RECONSTRUÇÃO >> Carla Dias >>

Lembrei-me da canção, do poema, da festa na qual não estive presente. E também dos feriados prolongados, em que passei ruminando quais seriam as decisões, reflexões e anseios dos personagens aos quais eu dera a luz. Meus filhos impacientes, envolvidos em tramas inventadas que misturei com algumas das minhas próprias experiências.
O escritor que rouba a história da moça; que se apaixona por ela de um jeito que para ele é novo, por isso foge, até perceber que correu em círculos, e cai de vez no abraço dela que para ele foi único. A moça que sente não caber no mundo, apodera-se de uma câmera que é para fisgar a verdade na encenação do outro. Que tem medo do que sente pelo escritor e foge dele... Até perceber que andou em círculos, e se depara com um olhar que põe seu mundo do avesso.

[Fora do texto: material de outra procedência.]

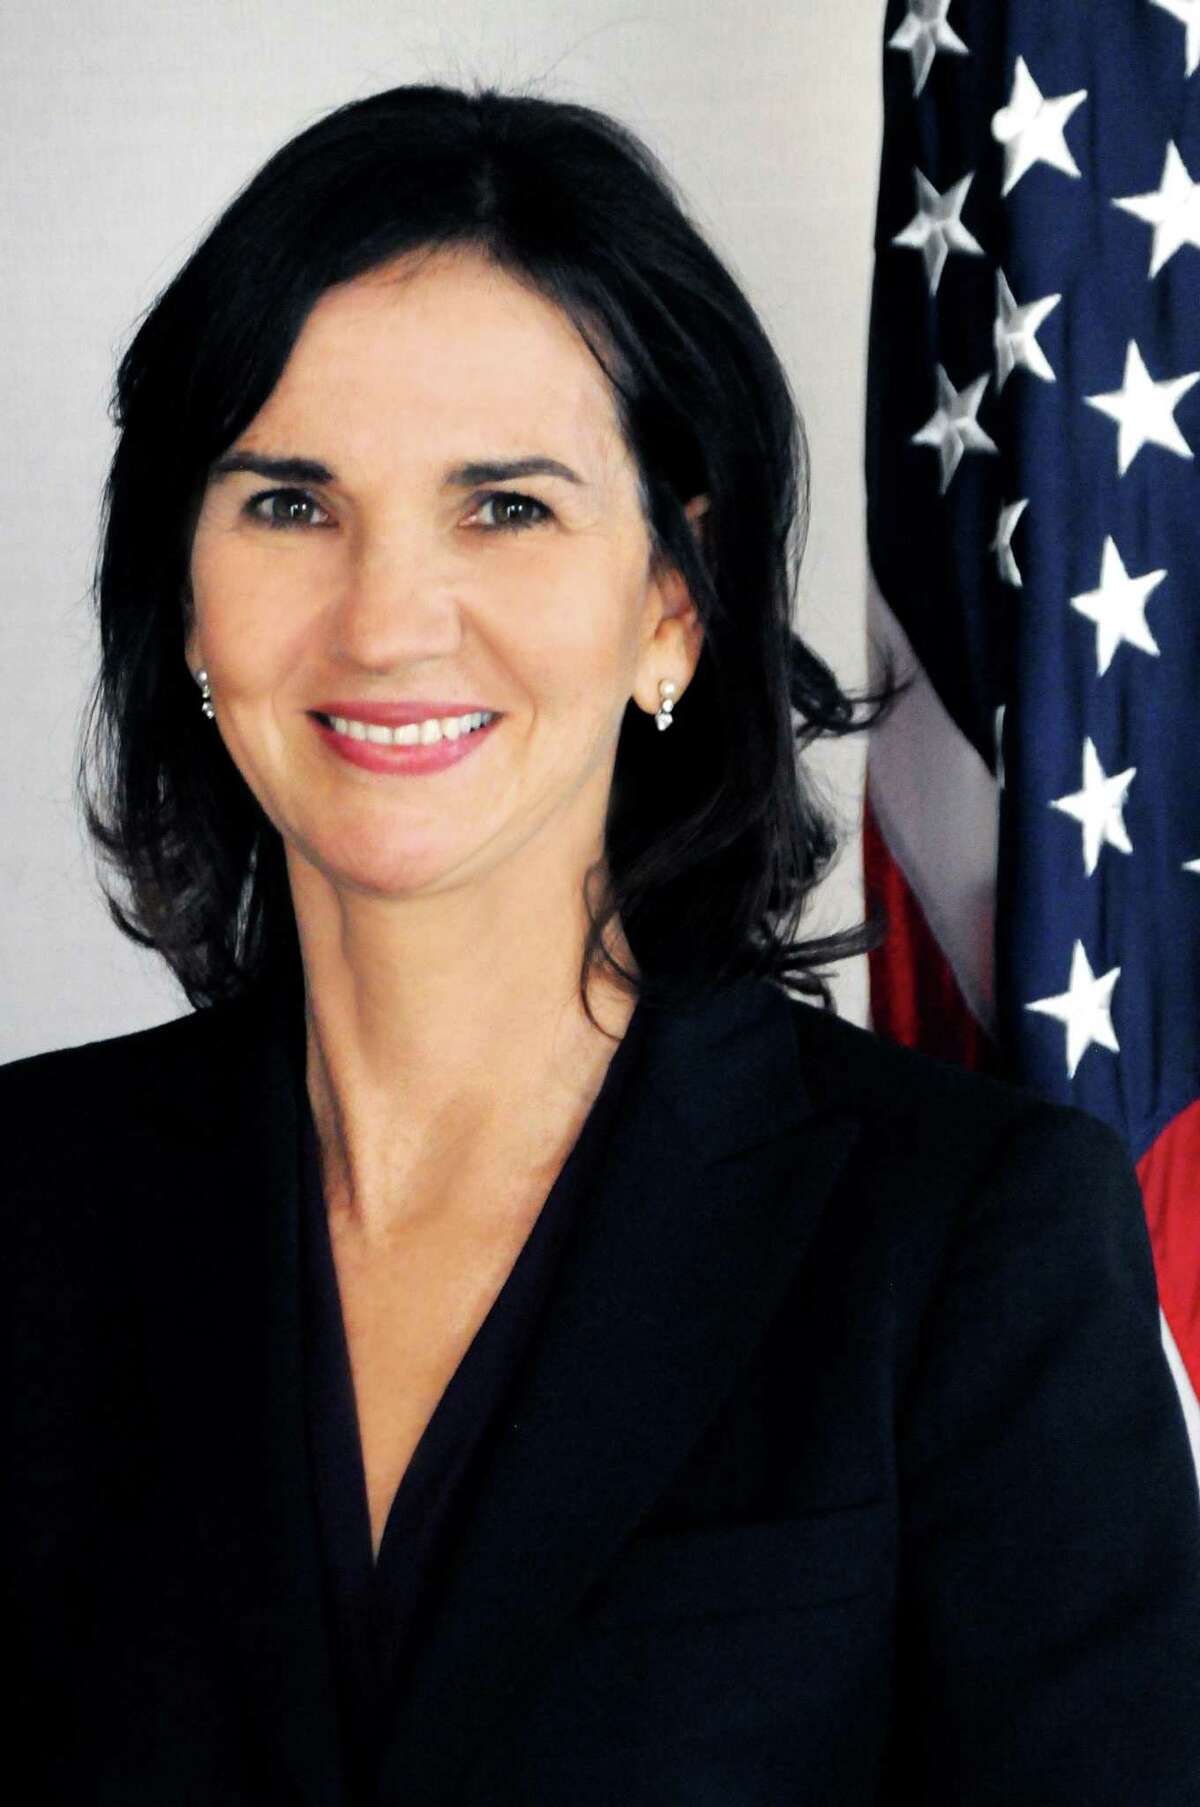 Former Connecticut U.S. Attorney Deirdre M. Daly will participate in a forum on the ongoing investigation into Russian interference in the 2016 Presidential Election. The event will take place tonight at 6:30 in St. Joseph University’s Mercy Hall, West Hartford.
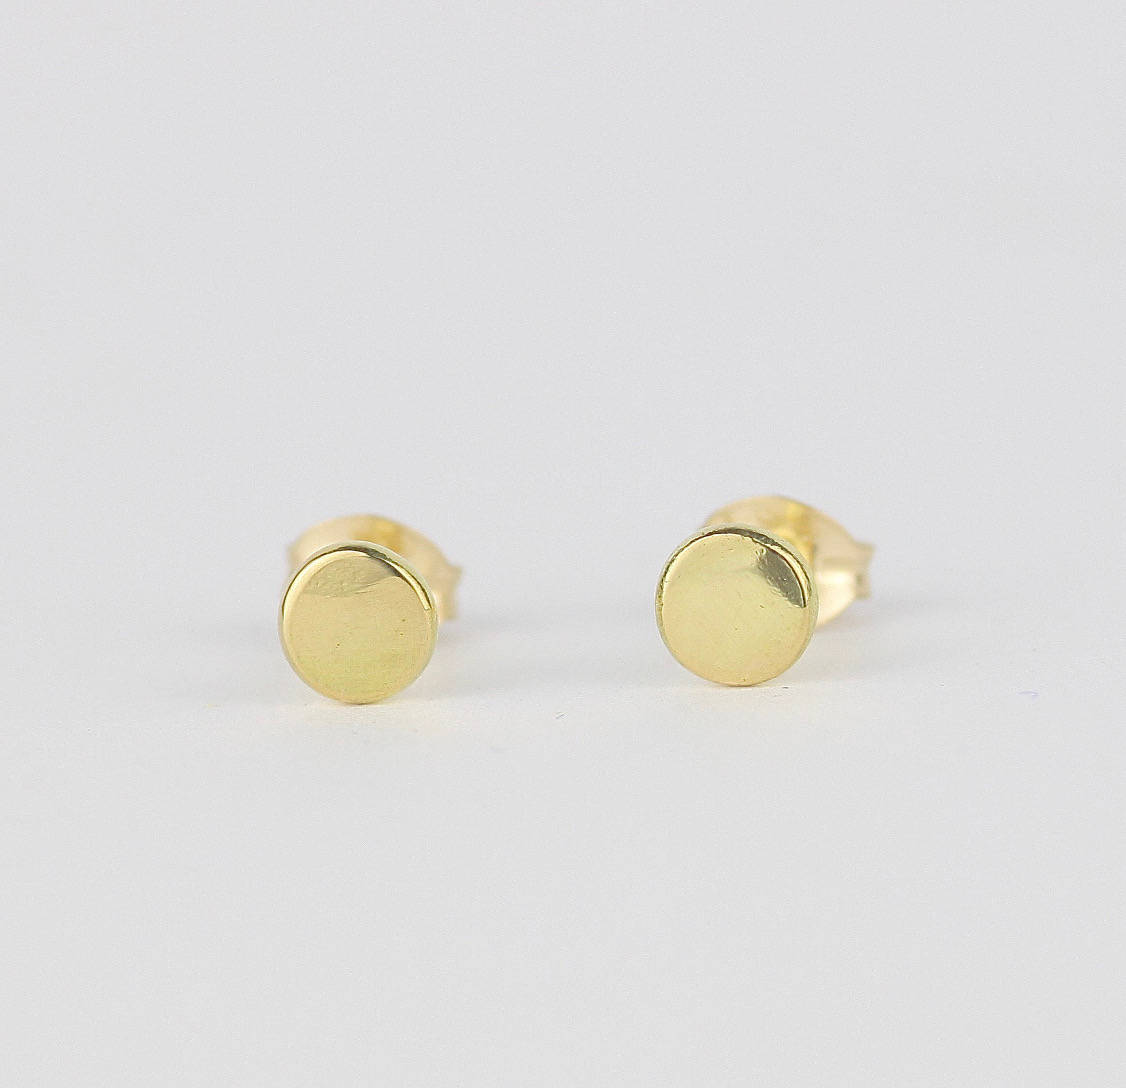 Dainty 18ct Gold Stud Earrings. Minimal Delicate Studs. Small | Etsy

A moça que se trancou no apartamento durante três dias e abusou da reflexão, da profundidade de sentimentos. Viajou lonjuras emocionais para buscar a si, porque quem se tornou não fazia sentido. Assumiu o amor não só por alguém, mas também pela possibilidade de se reinventar.
O moço que se apaixonou pela cidade, que compreendeu que tanto a beleza quanto suas mazelas tinham significado e faziam parte de um todo. Da janela de seu apartamento, vislumbrou o concreto e plantou flores nele, através de seu olhar. Conheceu a moça irônica quando trabalhava no telemarketing. Ela disse ser acrobata e ele, em anos de conversa por telefone, não chegou mesmo a acreditar nisso, mas pensava nela equilibrando alegrias e tristezas, enquanto voava sob a lona da solidão. Na jornada em busca pela paz de espírito (ela realmente é famosa nos meus escritos), conheceu outra moça que, pelos acontecimentos de uma breve convivência, fez com que ele acreditasse que era uma corajosa militante, o que a levou a denunciar um figurão pelos seus crimes. O figurão virou governador e ela sumiu do mapa. A paz de espírito do moço não chegava... Mas veio rasgando o tempo a saudade dele pela moça com quem pouco conviveu, mas tanto o marcou. Enquanto isso, a acrobata vivenciava a solidão do moço.

Melhor parar por aqui, antes que coloque a todos numa mesma trama, e reconstrua aquilo que, do jeito que está, já é.